A democracia não diz respeito apenas ao direito de votar e de ser votado; é um pacto social fundado no respeito às instituições, na soberania das leis e na certeza de que ninguém está acima dela. O dia 8 de janeiro de 2023, expôs de forma chocante, até onde pode chegar a combinação tóxica da narrativa de ódio, da mentira e do fanatismo.
Freud, em sua obra Psicologia das Massas e Análise do Eu (1921) disse : "As massas nunca tiveram sede da verdade. Elas querem ilusões e não vivem sem elas". E é exatamente essa sede por fantasias que pode explicar a adesão cega de apoiadores ao ex-presidente e a demonstração da irracionalidade coletiva.

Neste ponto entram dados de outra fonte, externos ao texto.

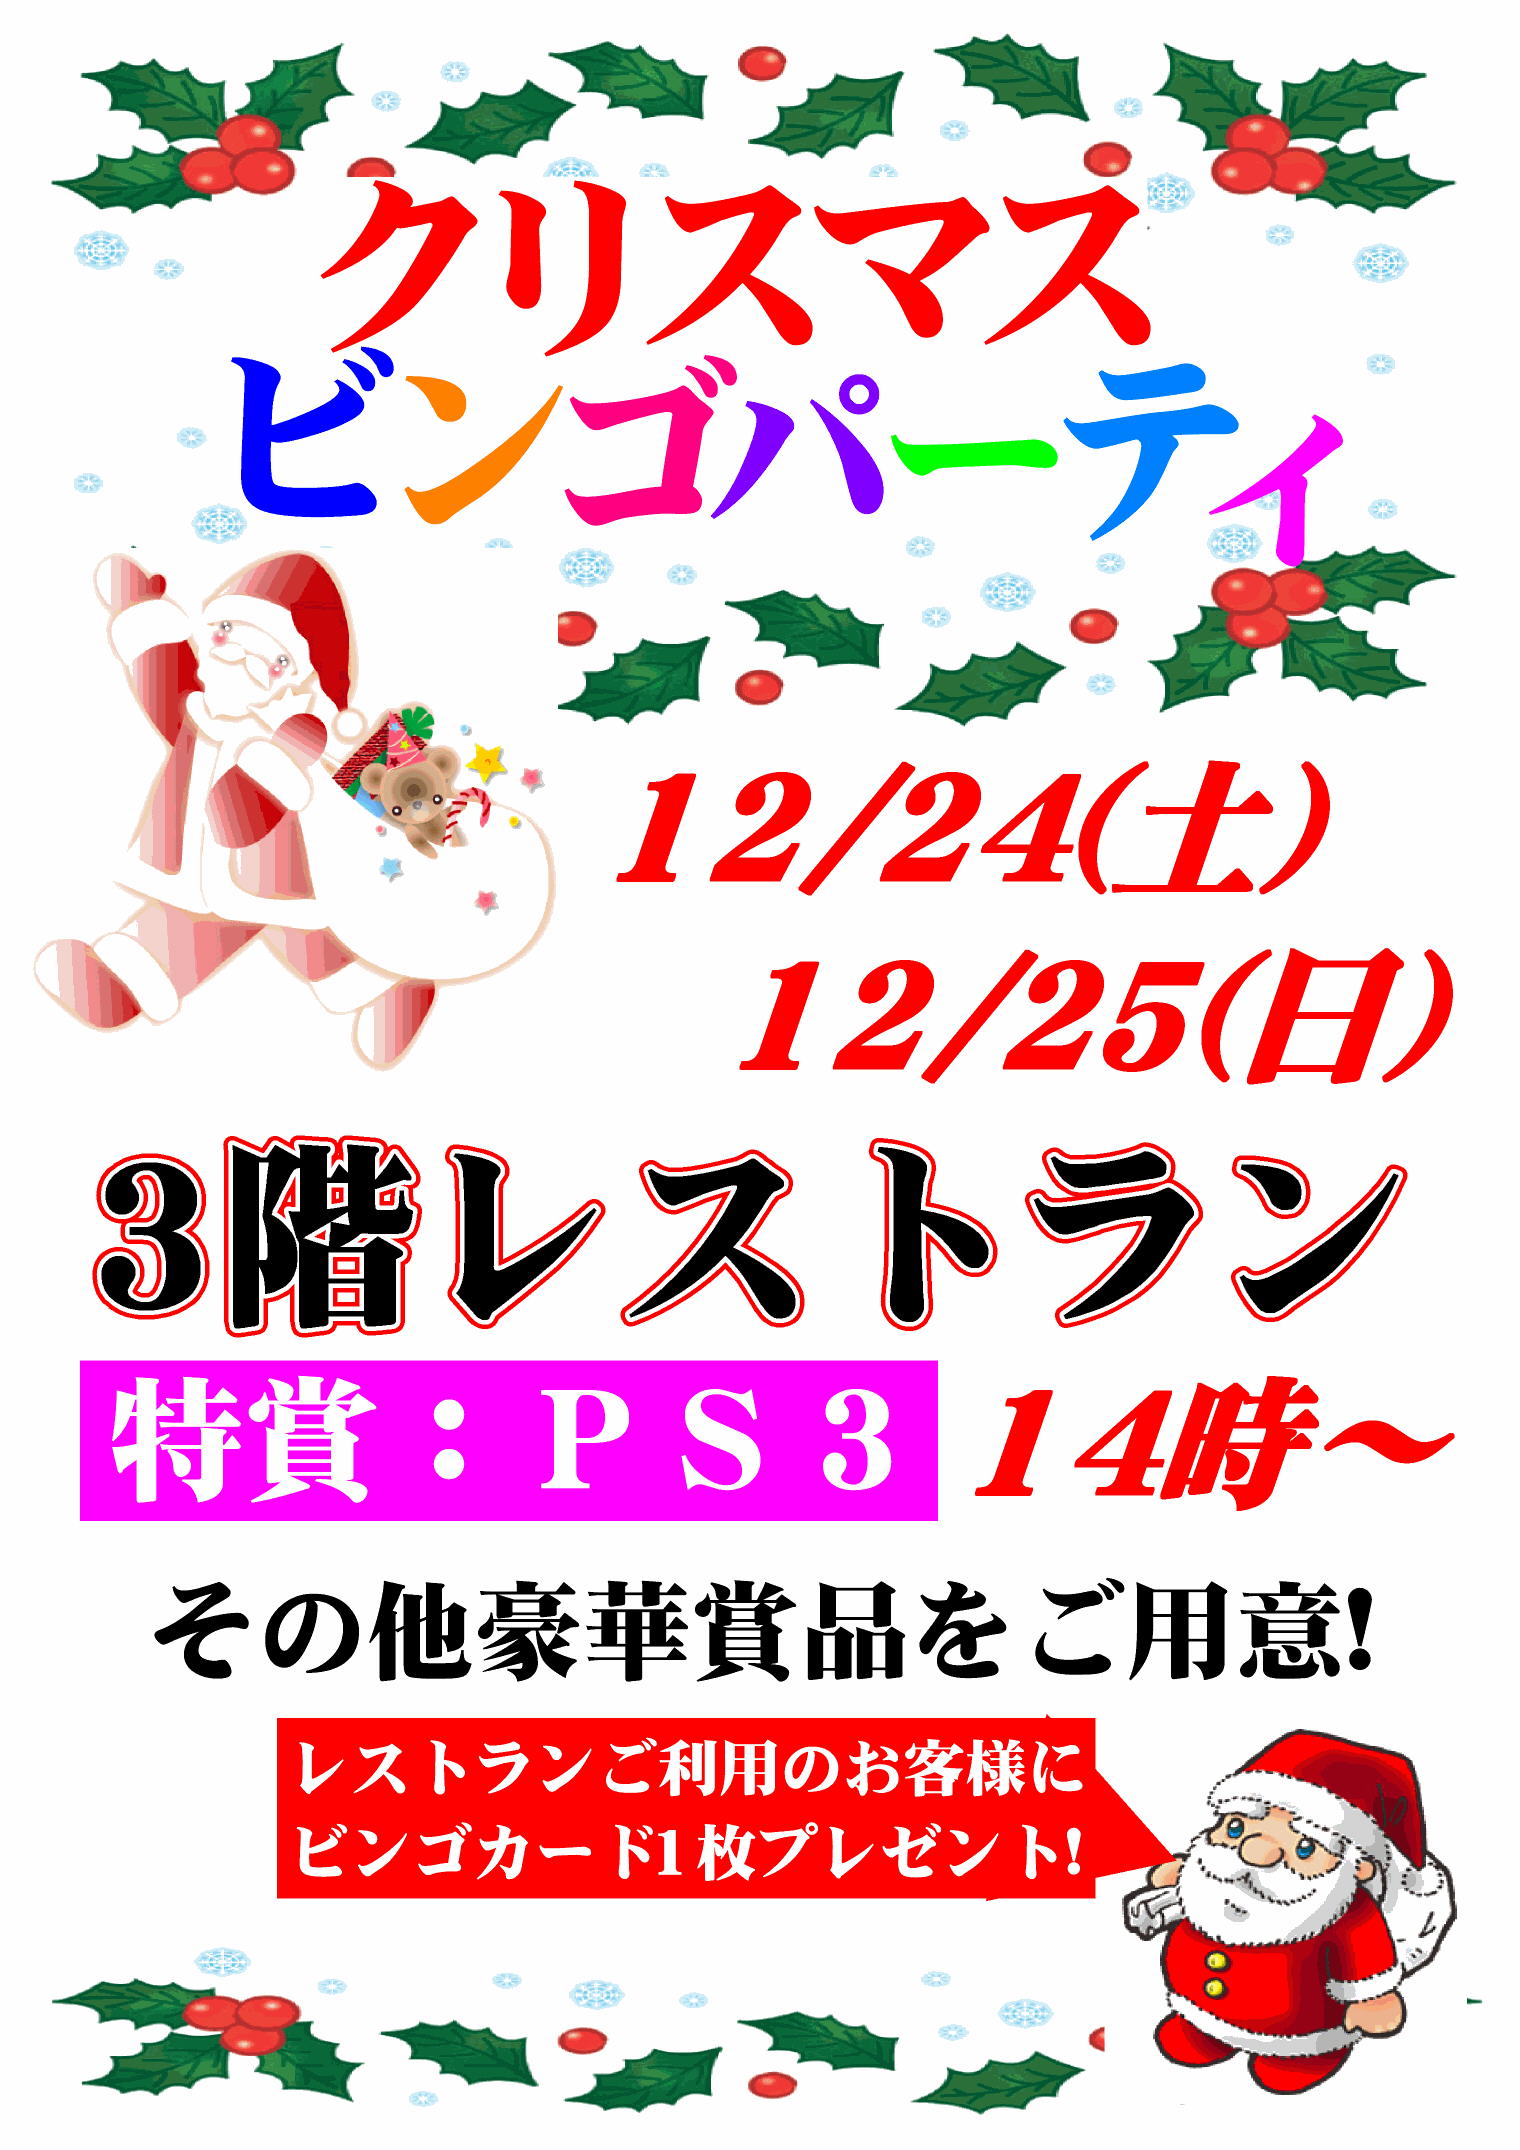 http://www.relafull.co.jp/blog/2011/12/14/12152.jpg

A violência que explodiu em Brasília no "Dia da Infâmia", como bem denominou a presidente do STF, ministra Rosa Weber, foi diuturnamente cultivada por Jair Bolsonaro, que explorou a ignorância das pessoas. Mas, tão importante quanto lembrar os fatos passados, é se perguntar: O que acontece com quem planeja, financia e incita a violência contra o Estado democrático de direito e não é devidamente responsabilizado?
A resposta é simples e muito perigosa: a impunidade se torna a licença para repetir o crime, o oxigênio para o golpismo.
A verdadeira força de uma democracia não se mede apenas pela solidez de suas instituições em momentos de crise, mas pela sua capacidade de fazer justiça, especialmente quando os acusados ocupam posições de influência, poder e privilégio.
Portanto, a responsabilização da elite golpista não é vingança, perseguição política ou caça às bruxas; é primeiramente sobre prevenção. Uma sociedade que aspira ser justa não pode tolerar que crimes graves fiquem impunes. É o antídoto contra a repetição da combinação tóxica que buscou subverter a nossa democracia.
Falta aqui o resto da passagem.